(DATA SECTION):
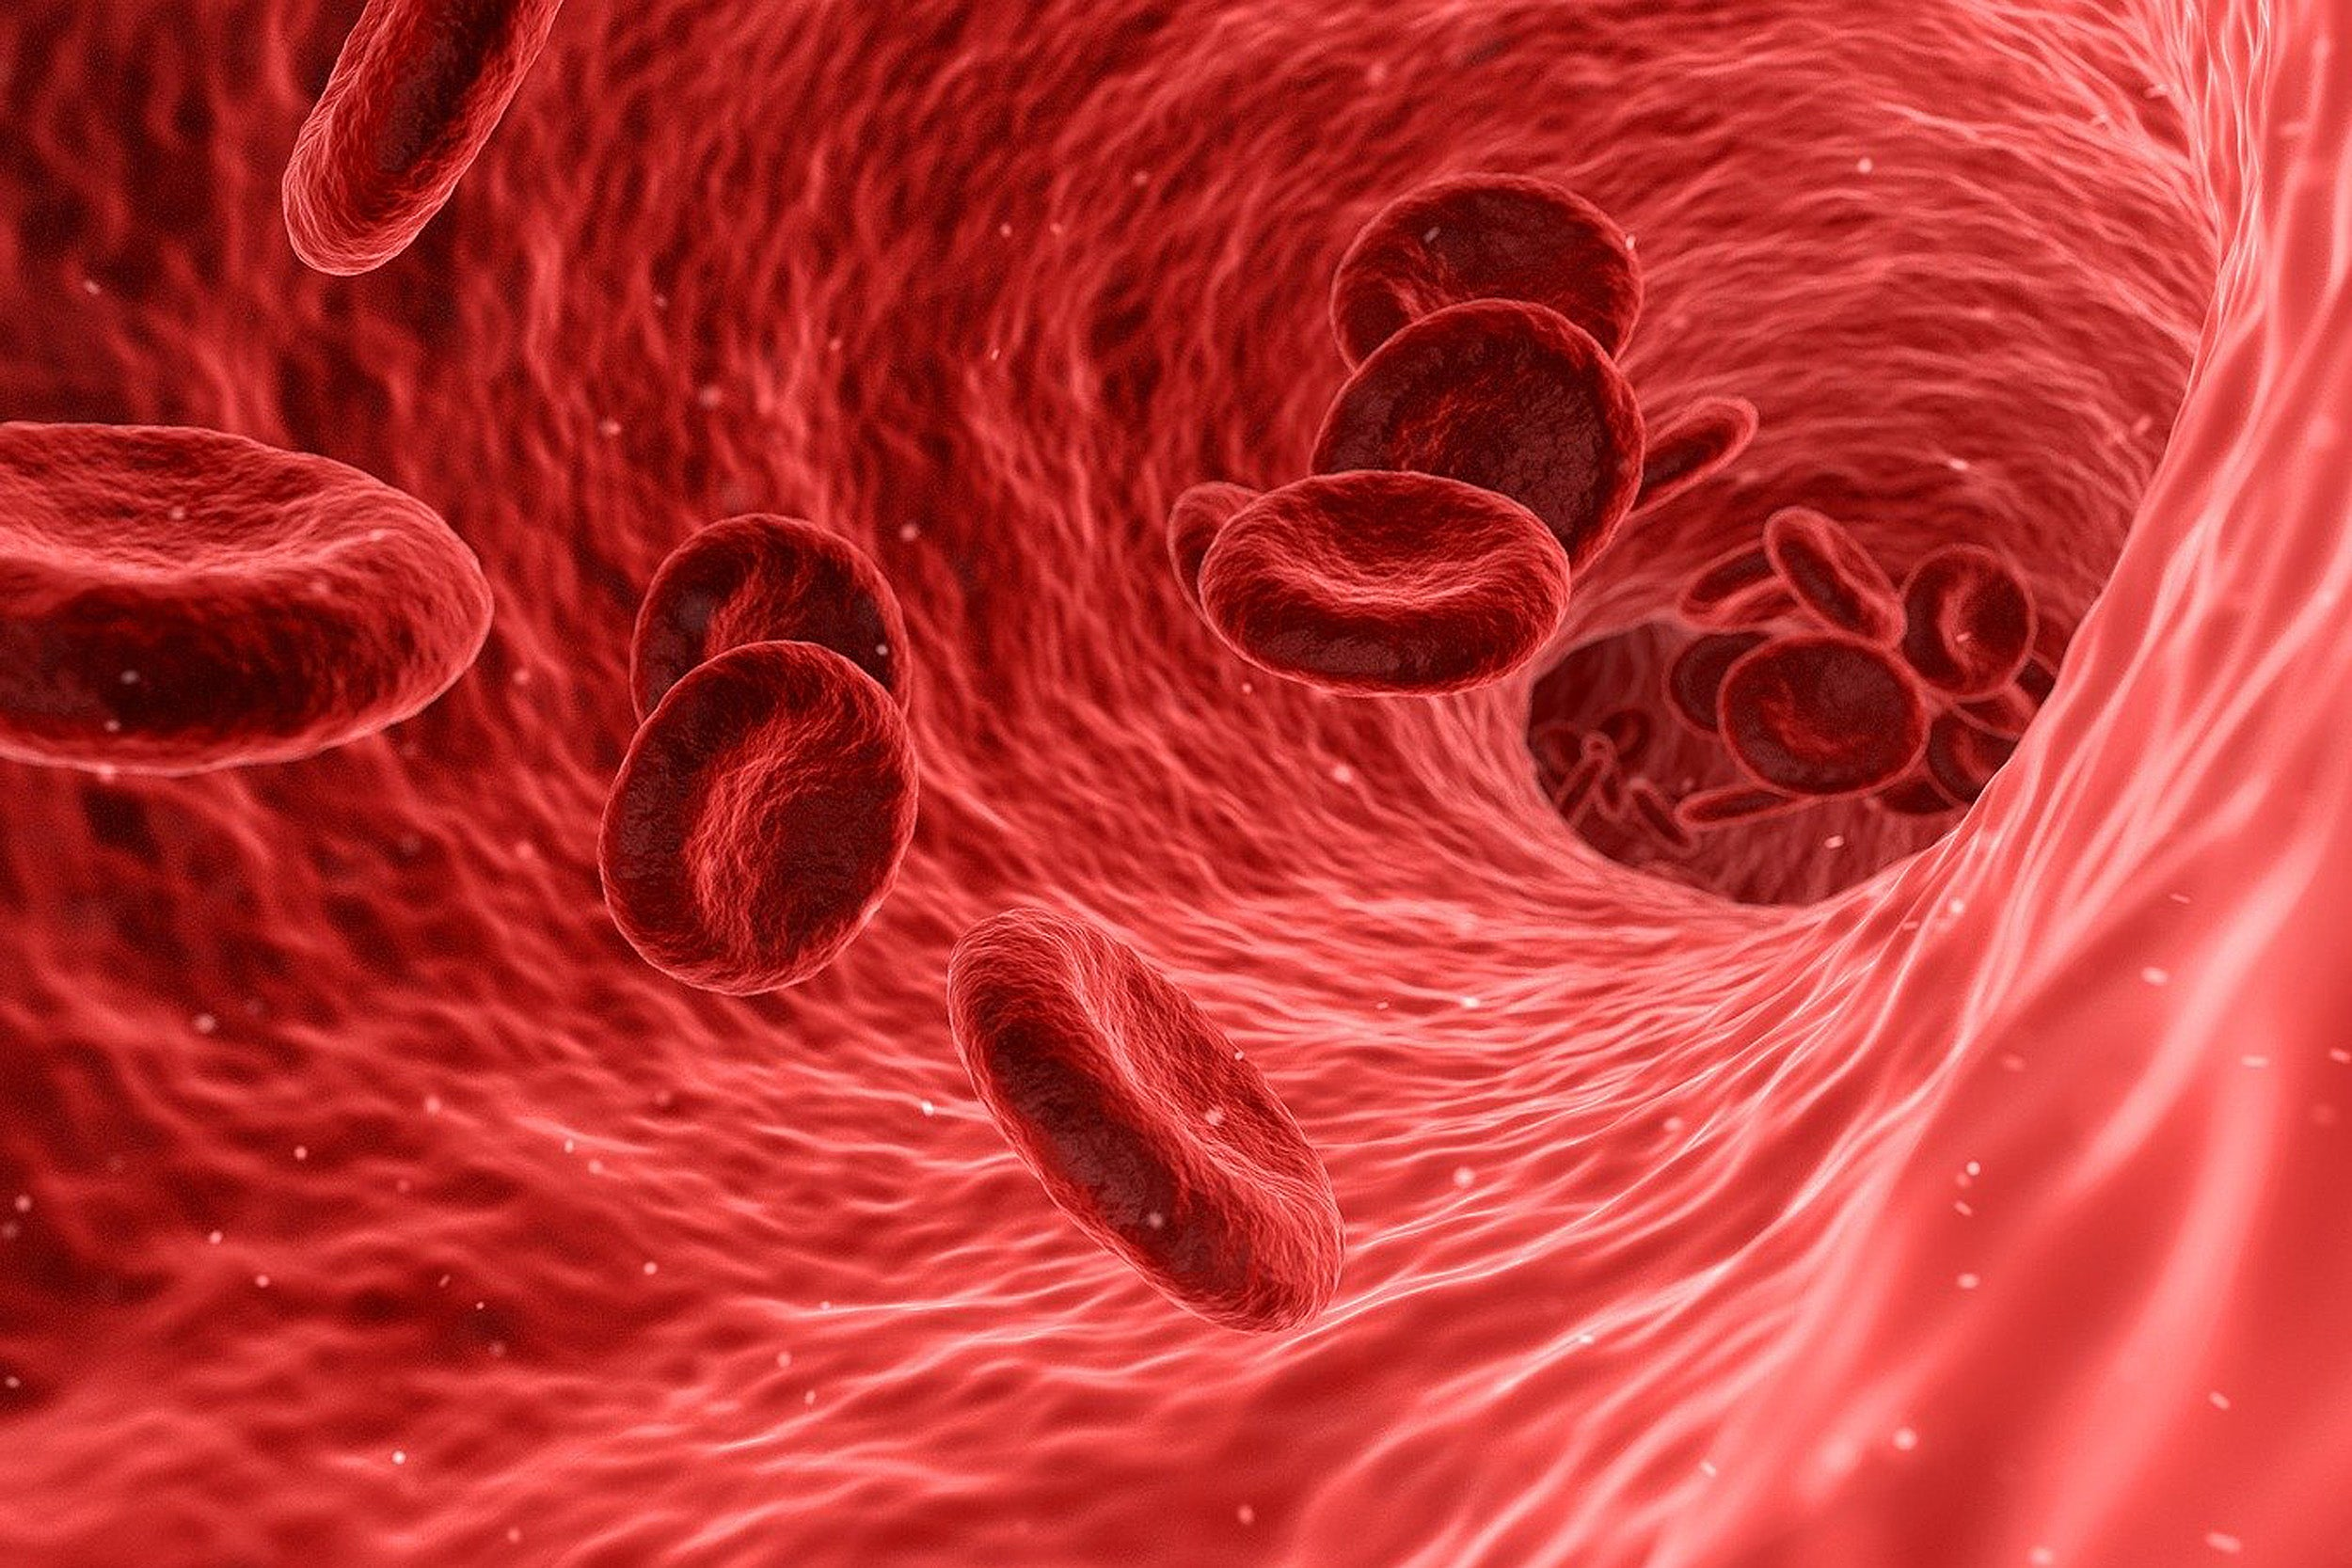 Blood cells.
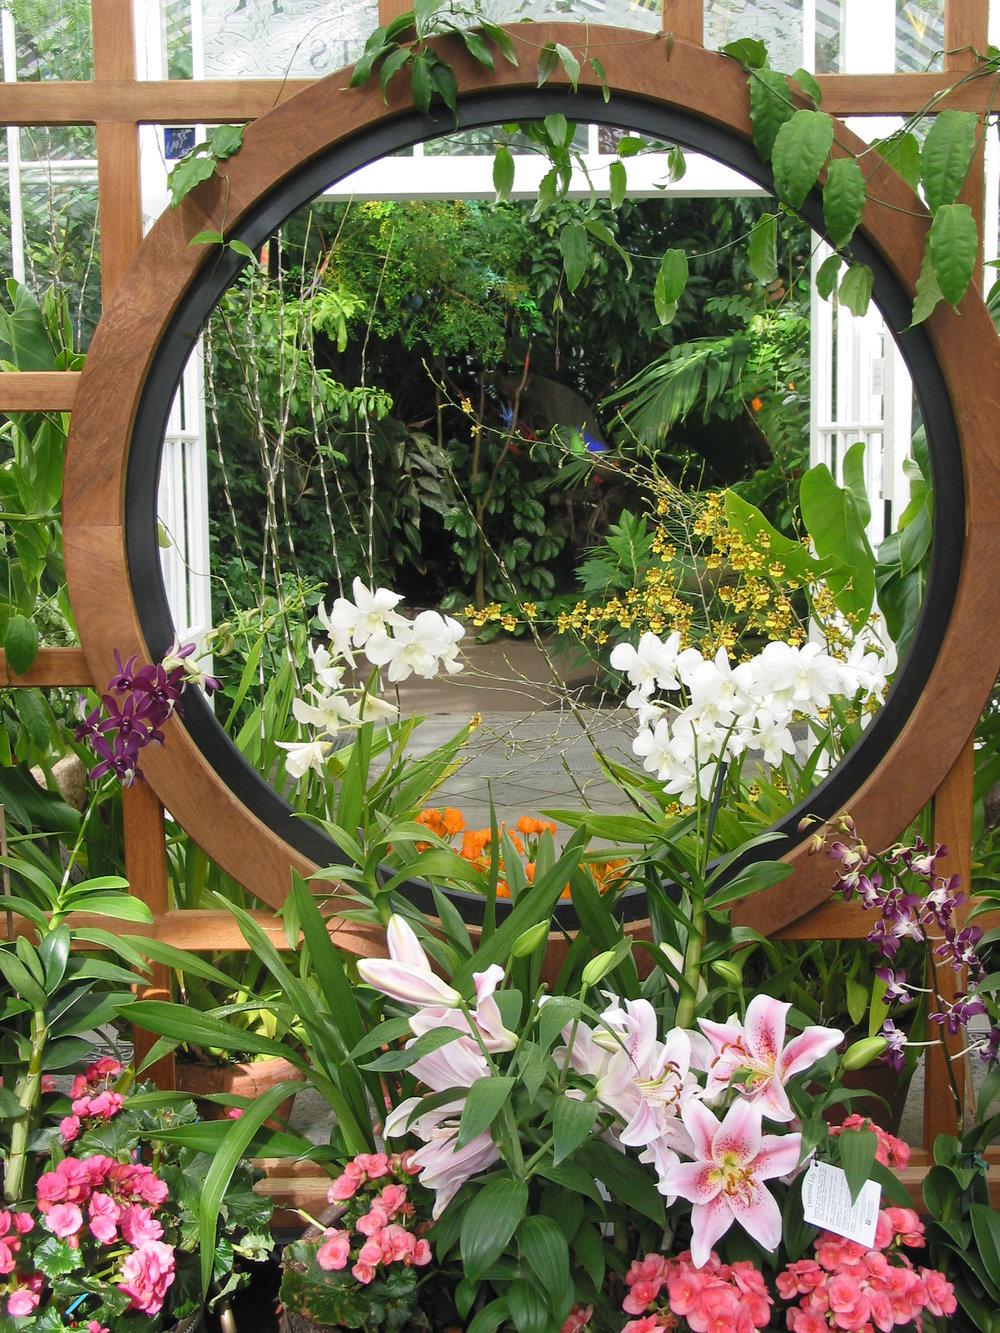 Conservatory_flowers.JPG
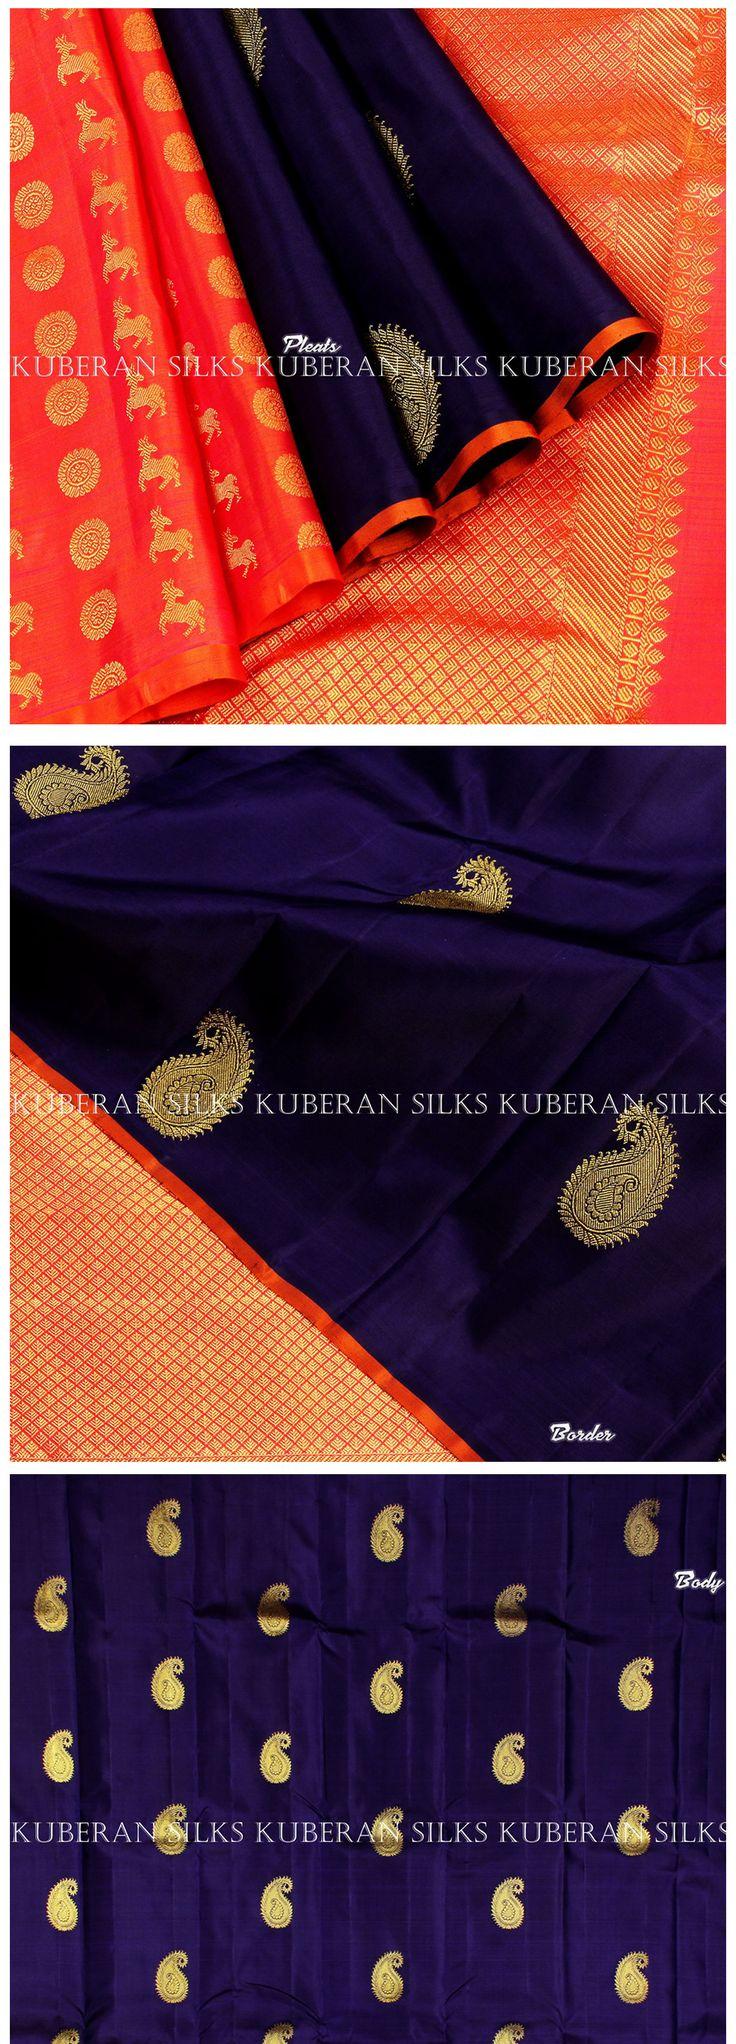 Kuberan Royal Blue Kanchivaram Silk Saree #kanchipuram #silksarees #kanchipuramsarees #online #kanchipuramsilk #sareesonline #purekanchipuram #silksarees #buy #shop #latest #offer

(AIM OF THE TASK): Every line of the data is to be transcribed exactly, and no picture is to be included.

(EXERCISE ANSWER):
 Blood cells.
 Conservatory_flowers.JPG
 Kuberan Royal Blue Kanchivaram Silk Saree #kanchipuram #silksarees #kanchipuramsarees #online #kanchipuramsilk #sareesonline #purekanchipuram #silksarees #buy #shop #latest #offer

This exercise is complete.